“Yo, the dogs are out!”
“Why are you wearing flip flops?” (I wasn’t)
“You can’t wear sandals in months with R in it!”
There’s been a bit of a sandal scandal surrounding my footwear choices. Some people are downright offended at the sight of my toes, although they might just be jealous of the definition of my foot veins (unlike my arms). It really stinks to get off on the wrong foot with so many people.
But I shall never give in. Give me [foot] liberty or give me death! Dashing Galoots wear sandals in October!
How to Wear Sandals in October
It isn’t easy to do. Haters are gonna hate, and your toes will get cold. A couple tips will serve you well:
- Take cold showers to improve your circulation and tolerance
- Wear them with any outfit. Jeans, khaki shorts, slacks, romper – wear ’em.
- Feel free to add socks if you so choose
- If you feel your piggies starting to ice up, get a friend to massage the life back into them. If they refuse, you’ll get frostbite, but it’ll be worth it to expose a fake friend
5 Reasons Why You Should Wear Sandals in October
1. They’re Great for Running in…
…if you do it right. In my Bedrock sandals I can cruise past cross country runners with ease when we run together. Then they pass me back as I wheeze on the wayside, but at least I get temporary glory.

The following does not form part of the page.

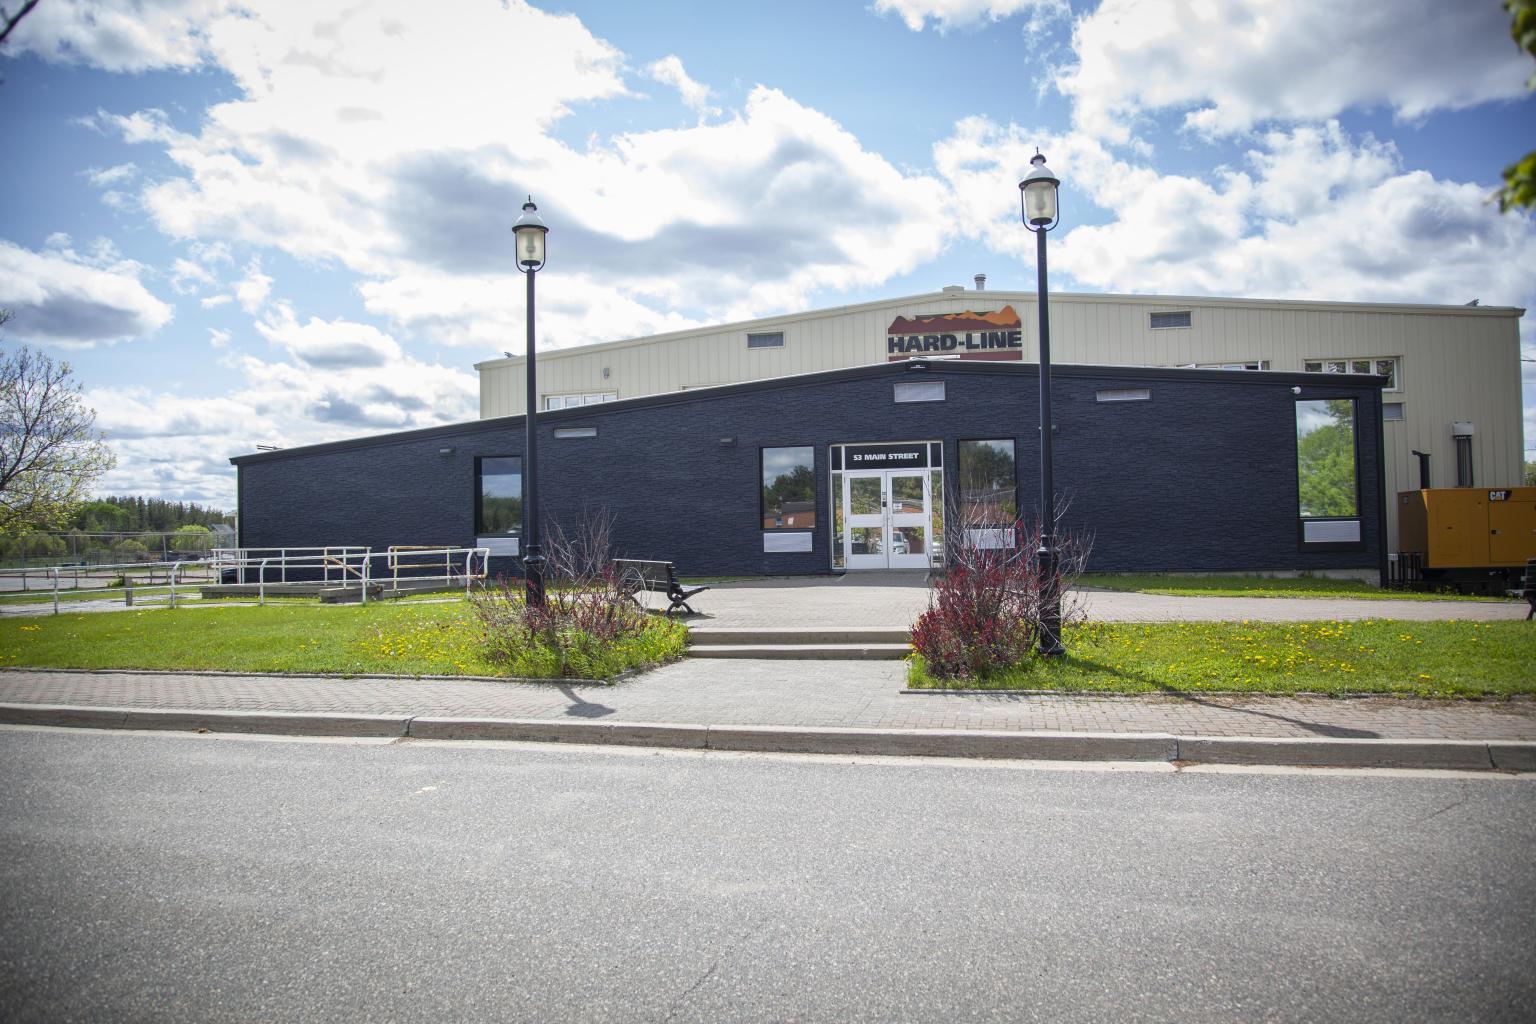 Summer Hard-Line Headquarters: HARD-LINE headquarters in Sudbury, Ontario, Canada.
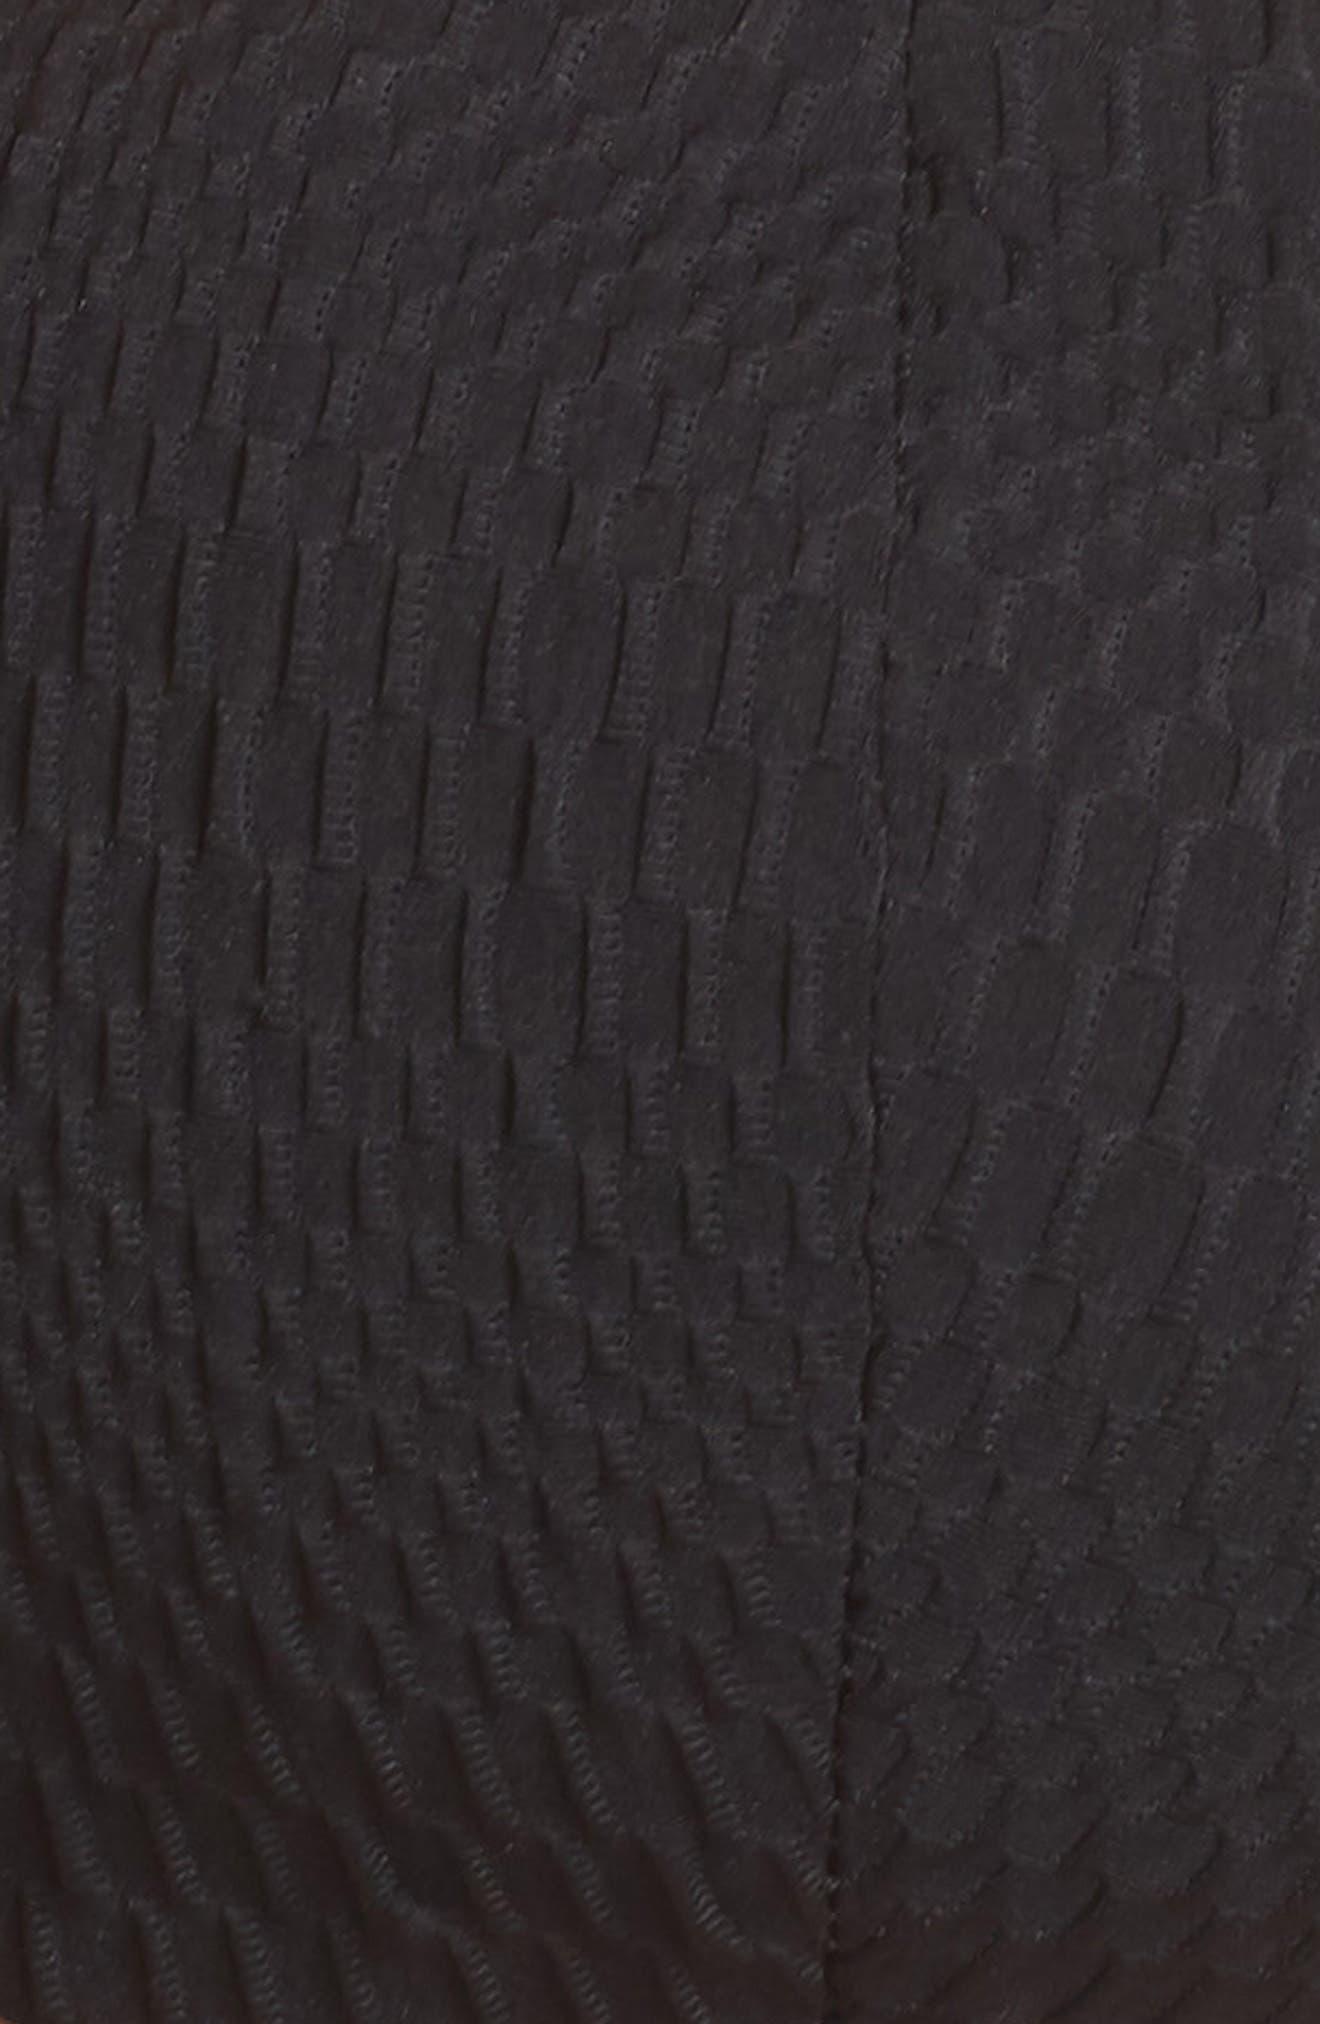 Perla Bandeau Bikini Top,                             Alternate thumbnail 4, color,                             Black

The lack of a cushioned sole is perfect for an uncushioned soul. To avoid injury, I must bound like a gazelle landing on the pads of my feet with prancing pizzazz. It makes sandaled runners look like a graceful screensaver, floating through the suspension of time.
This leads to more questioning. “You’re wearing sandals to run?!” Fantastic! Now I don’t need a pre-run snack, since I eat haters for breakfast!
2. Your Foot Sweat Can Dry Out
Shoes and socks make a moist combo. They stifle your foot and activate its sweat glands until your foot becomes the Everglades. That pond ain’t gonna feel good, and your feet are just going to sweat more to try to cool off.
Ever hear the rhyme about your piggy toes? Well, this little piggy went wee wee wee all the way home except he drowned in a sweat swamp first. It was probably more like wee wee wee worble worble blub blub blurp soggy bacon. Don’t be that piggy. Switch to sandals now.
3. It Shows You’re Cool Like That, Bro
Cuz lettin’ your toes hang loose is chill, man. YOU let the dogs out, as you should.
4. You Could Land a Lucrative Foot Modeling Job
“I became a foot model because my feet looked so good in socks and shoes,” said no one ever. If you’ve got ’em, flaunt ’em! Agents are going to walk right past people hiding their toes. It’s the bold free-footers who get the gigs and stay a step ahead.
Forget resumes. Forget LinkedIn. Forget networking. Begin footworking.
Once you get in the industry, the game is afoot. You think that model on the beach is wearing his real feet in the photo? Nah, they had to photoshop some healthy sandal feet onto his legs. That’s where you can make big cash.
Money will flood in; if you’re not sure yet if your feet are beautiful enough, don’t worry. Apparently it’s easy: you just need to bring good news.
5. October Is the Season for Feet
For those of you despairing of becoming a foot model, don’t worry. I have good news for you (and beautiful feet): October is the month for you, too. Most people have to dress up to terrify others on Halloween. You, on the other hand, can just wear sandals!
When kids ask Trick or Treat, it really means Trick or Feet. For you, this means it’s a trick either way. When the children see the woes of your toes, they will retreat from the treats. Either your candy budget can shrink or your stomach can grow!